**INSTRUCTIONS FOR THE TASK:** Output every line below without omitting or altering anything.

**RECORDS FOR THIS TASK:**
================

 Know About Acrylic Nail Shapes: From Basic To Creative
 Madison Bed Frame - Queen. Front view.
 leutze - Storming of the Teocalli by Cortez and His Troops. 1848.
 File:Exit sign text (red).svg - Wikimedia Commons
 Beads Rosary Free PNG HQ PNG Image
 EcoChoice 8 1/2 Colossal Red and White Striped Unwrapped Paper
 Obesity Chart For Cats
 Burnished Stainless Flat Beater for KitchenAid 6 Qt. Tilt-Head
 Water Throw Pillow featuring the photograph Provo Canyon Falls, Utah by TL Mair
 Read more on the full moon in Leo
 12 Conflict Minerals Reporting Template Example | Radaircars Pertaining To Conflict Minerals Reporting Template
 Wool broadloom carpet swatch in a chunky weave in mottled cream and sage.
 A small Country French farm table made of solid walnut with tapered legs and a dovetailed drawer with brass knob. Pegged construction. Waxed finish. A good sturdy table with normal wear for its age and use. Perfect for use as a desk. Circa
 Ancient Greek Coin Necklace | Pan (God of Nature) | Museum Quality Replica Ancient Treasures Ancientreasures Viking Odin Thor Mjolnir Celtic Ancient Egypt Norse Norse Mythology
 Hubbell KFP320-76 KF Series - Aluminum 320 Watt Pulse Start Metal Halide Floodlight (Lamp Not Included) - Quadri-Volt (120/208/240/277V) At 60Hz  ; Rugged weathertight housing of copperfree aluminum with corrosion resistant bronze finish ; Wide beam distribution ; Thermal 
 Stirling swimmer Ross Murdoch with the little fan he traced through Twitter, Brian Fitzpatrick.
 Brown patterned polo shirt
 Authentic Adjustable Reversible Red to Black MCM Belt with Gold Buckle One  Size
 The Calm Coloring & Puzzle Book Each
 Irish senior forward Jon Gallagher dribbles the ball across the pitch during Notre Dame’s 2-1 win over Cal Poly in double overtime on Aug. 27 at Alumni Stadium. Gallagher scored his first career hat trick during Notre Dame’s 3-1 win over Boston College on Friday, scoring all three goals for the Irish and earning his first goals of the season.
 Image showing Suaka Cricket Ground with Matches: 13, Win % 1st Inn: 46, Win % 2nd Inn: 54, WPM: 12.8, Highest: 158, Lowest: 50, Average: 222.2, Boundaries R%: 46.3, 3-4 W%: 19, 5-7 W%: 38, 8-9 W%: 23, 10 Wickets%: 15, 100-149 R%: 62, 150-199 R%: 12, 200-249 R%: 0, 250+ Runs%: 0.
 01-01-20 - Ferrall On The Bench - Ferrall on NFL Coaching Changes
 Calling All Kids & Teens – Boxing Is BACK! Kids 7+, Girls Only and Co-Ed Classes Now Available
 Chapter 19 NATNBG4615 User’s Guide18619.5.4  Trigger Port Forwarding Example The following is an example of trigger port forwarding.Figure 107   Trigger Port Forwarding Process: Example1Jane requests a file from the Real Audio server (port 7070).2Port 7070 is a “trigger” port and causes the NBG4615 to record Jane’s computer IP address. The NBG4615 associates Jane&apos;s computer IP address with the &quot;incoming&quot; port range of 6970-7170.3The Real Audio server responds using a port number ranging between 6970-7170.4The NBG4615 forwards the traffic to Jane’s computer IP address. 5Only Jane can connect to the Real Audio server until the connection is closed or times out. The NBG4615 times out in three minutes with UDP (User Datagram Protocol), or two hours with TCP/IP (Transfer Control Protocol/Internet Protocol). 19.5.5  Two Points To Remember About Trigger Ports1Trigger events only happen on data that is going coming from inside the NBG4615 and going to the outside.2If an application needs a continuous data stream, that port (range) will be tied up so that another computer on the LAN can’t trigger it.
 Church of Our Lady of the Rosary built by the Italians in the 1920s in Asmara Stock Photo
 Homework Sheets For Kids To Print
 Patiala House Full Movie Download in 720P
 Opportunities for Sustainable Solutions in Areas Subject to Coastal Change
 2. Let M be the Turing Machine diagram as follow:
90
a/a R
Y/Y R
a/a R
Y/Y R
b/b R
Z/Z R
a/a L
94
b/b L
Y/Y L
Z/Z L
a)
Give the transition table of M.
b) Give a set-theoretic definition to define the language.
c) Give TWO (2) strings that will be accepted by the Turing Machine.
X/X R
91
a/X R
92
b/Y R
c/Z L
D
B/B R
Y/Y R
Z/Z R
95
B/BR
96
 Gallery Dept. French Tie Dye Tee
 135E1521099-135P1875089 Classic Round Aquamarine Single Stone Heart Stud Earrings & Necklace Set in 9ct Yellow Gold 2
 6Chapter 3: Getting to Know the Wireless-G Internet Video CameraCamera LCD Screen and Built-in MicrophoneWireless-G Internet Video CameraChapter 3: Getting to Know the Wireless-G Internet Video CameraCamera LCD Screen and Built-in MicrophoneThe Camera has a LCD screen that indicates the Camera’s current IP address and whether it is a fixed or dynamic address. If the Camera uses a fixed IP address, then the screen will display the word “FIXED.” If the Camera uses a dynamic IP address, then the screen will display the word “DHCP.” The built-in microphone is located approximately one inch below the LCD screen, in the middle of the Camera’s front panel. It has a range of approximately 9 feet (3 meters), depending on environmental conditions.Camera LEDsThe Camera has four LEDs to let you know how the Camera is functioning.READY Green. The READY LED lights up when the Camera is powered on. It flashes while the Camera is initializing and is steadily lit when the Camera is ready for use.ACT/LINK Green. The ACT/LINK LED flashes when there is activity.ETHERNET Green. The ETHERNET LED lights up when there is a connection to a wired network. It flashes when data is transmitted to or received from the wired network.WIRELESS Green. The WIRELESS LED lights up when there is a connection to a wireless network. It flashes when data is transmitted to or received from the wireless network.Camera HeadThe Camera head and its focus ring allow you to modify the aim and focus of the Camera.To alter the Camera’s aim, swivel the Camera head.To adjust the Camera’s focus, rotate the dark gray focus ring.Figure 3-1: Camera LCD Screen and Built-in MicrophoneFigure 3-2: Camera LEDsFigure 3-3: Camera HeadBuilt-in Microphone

================

**WRITTEN SOLUTION:**
 Know About Acrylic Nail Shapes: From Basic To Creative
 Madison Bed Frame - Queen. Front view.
 leutze - Storming of the Teocalli by Cortez and His Troops. 1848.
 File:Exit sign text (red).svg - Wikimedia Commons
 Beads Rosary Free PNG HQ PNG Image
 EcoChoice 8 1/2 Colossal Red and White Striped Unwrapped Paper
 Obesity Chart For Cats
 Burnished Stainless Flat Beater for KitchenAid 6 Qt. Tilt-Head
 Water Throw Pillow featuring the photograph Provo Canyon Falls, Utah by TL Mair
 Read more on the full moon in Leo
 12 Conflict Minerals Reporting Template Example | Radaircars Pertaining To Conflict Minerals Reporting Template
 Wool broadloom carpet swatch in a chunky weave in mottled cream and sage.
 A small Country French farm table made of solid walnut with tapered legs and a dovetailed drawer with brass knob. Pegged construction. Waxed finish. A good sturdy table with normal wear for its age and use. Perfect for use as a desk. Circa
 Ancient Greek Coin Necklace | Pan (God of Nature) | Museum Quality Replica Ancient Treasures Ancientreasures Viking Odin Thor Mjolnir Celtic Ancient Egypt Norse Norse Mythology
 Hubbell KFP320-76 KF Series - Aluminum 320 Watt Pulse Start Metal Halide Floodlight (Lamp Not Included) - Quadri-Volt (120/208/240/277V) At 60Hz  ; Rugged weathertight housing of copperfree aluminum with corrosion resistant bronze finish ; Wide beam distribution ; Thermal 
 Stirling swimmer Ross Murdoch with the little fan he traced through Twitter, Brian Fitzpatrick.
 Brown patterned polo shirt
 Authentic Adjustable Reversible Red to Black MCM Belt with Gold Buckle One  Size
 The Calm Coloring & Puzzle Book Each
 Irish senior forward Jon Gallagher dribbles the ball across the pitch during Notre Dame’s 2-1 win over Cal Poly in double overtime on Aug. 27 at Alumni Stadium. Gallagher scored his first career hat trick during Notre Dame’s 3-1 win over Boston College on Friday, scoring all three goals for the Irish and earning his first goals of the season.
 Image showing Suaka Cricket Ground with Matches: 13, Win % 1st Inn: 46, Win % 2nd Inn: 54, WPM: 12.8, Highest: 158, Lowest: 50, Average: 222.2, Boundaries R%: 46.3, 3-4 W%: 19, 5-7 W%: 38, 8-9 W%: 23, 10 Wickets%: 15, 100-149 R%: 62, 150-199 R%: 12, 200-249 R%: 0, 250+ Runs%: 0.
 01-01-20 - Ferrall On The Bench - Ferrall on NFL Coaching Changes
 Calling All Kids & Teens – Boxing Is BACK! Kids 7+, Girls Only and Co-Ed Classes Now Available
 Chapter 19 NATNBG4615 User’s Guide18619.5.4  Trigger Port Forwarding Example The following is an example of trigger port forwarding.Figure 107   Trigger Port Forwarding Process: Example1Jane requests a file from the Real Audio server (port 7070).2Port 7070 is a “trigger” port and causes the NBG4615 to record Jane’s computer IP address. The NBG4615 associates Jane&apos;s computer IP address with the &quot;incoming&quot; port range of 6970-7170.3The Real Audio server responds using a port number ranging between 6970-7170.4The NBG4615 forwards the traffic to Jane’s computer IP address. 5Only Jane can connect to the Real Audio server until the connection is closed or times out. The NBG4615 times out in three minutes with UDP (User Datagram Protocol), or two hours with TCP/IP (Transfer Control Protocol/Internet Protocol). 19.5.5  Two Points To Remember About Trigger Ports1Trigger events only happen on data that is going coming from inside the NBG4615 and going to the outside.2If an application needs a continuous data stream, that port (range) will be tied up so that another computer on the LAN can’t trigger it.
 Church of Our Lady of the Rosary built by the Italians in the 1920s in Asmara Stock Photo
 Homework Sheets For Kids To Print
 Patiala House Full Movie Download in 720P
 Opportunities for Sustainable Solutions in Areas Subject to Coastal Change
 2. Let M be the Turing Machine diagram as follow:
90
a/a R
Y/Y R
a/a R
Y/Y R
b/b R
Z/Z R
a/a L
94
b/b L
Y/Y L
Z/Z L
a)
Give the transition table of M.
b) Give a set-theoretic definition to define the language.
c) Give TWO (2) strings that will be accepted by the Turing Machine.
X/X R
91
a/X R
92
b/Y R
c/Z L
D
B/B R
Y/Y R
Z/Z R
95
B/BR
96
 Gallery Dept. French Tie Dye Tee
 135E1521099-135P1875089 Classic Round Aquamarine Single Stone Heart Stud Earrings & Necklace Set in 9ct Yellow Gold 2
 6Chapter 3: Getting to Know the Wireless-G Internet Video CameraCamera LCD Screen and Built-in MicrophoneWireless-G Internet Video CameraChapter 3: Getting to Know the Wireless-G Internet Video CameraCamera LCD Screen and Built-in MicrophoneThe Camera has a LCD screen that indicates the Camera’s current IP address and whether it is a fixed or dynamic address. If the Camera uses a fixed IP address, then the screen will display the word “FIXED.” If the Camera uses a dynamic IP address, then the screen will display the word “DHCP.” The built-in microphone is located approximately one inch below the LCD screen, in the middle of the Camera’s front panel. It has a range of approximately 9 feet (3 meters), depending on environmental conditions.Camera LEDsThe Camera has four LEDs to let you know how the Camera is functioning.READY Green. The READY LED lights up when the Camera is powered on. It flashes while the Camera is initializing and is steadily lit when the Camera is ready for use.ACT/LINK Green. The ACT/LINK LED flashes when there is activity.ETHERNET Green. The ETHERNET LED lights up when there is a connection to a wired network. It flashes when data is transmitted to or received from the wired network.WIRELESS Green. The WIRELESS LED lights up when there is a connection to a wireless network. It flashes when data is transmitted to or received from the wireless network.Camera HeadThe Camera head and its focus ring allow you to modify the aim and focus of the Camera.To alter the Camera’s aim, swivel the Camera head.To adjust the Camera’s focus, rotate the dark gray focus ring.Figure 3-1: Camera LCD Screen and Built-in MicrophoneFigure 3-2: Camera LEDsFigure 3-3: Camera HeadBuilt-in Microphone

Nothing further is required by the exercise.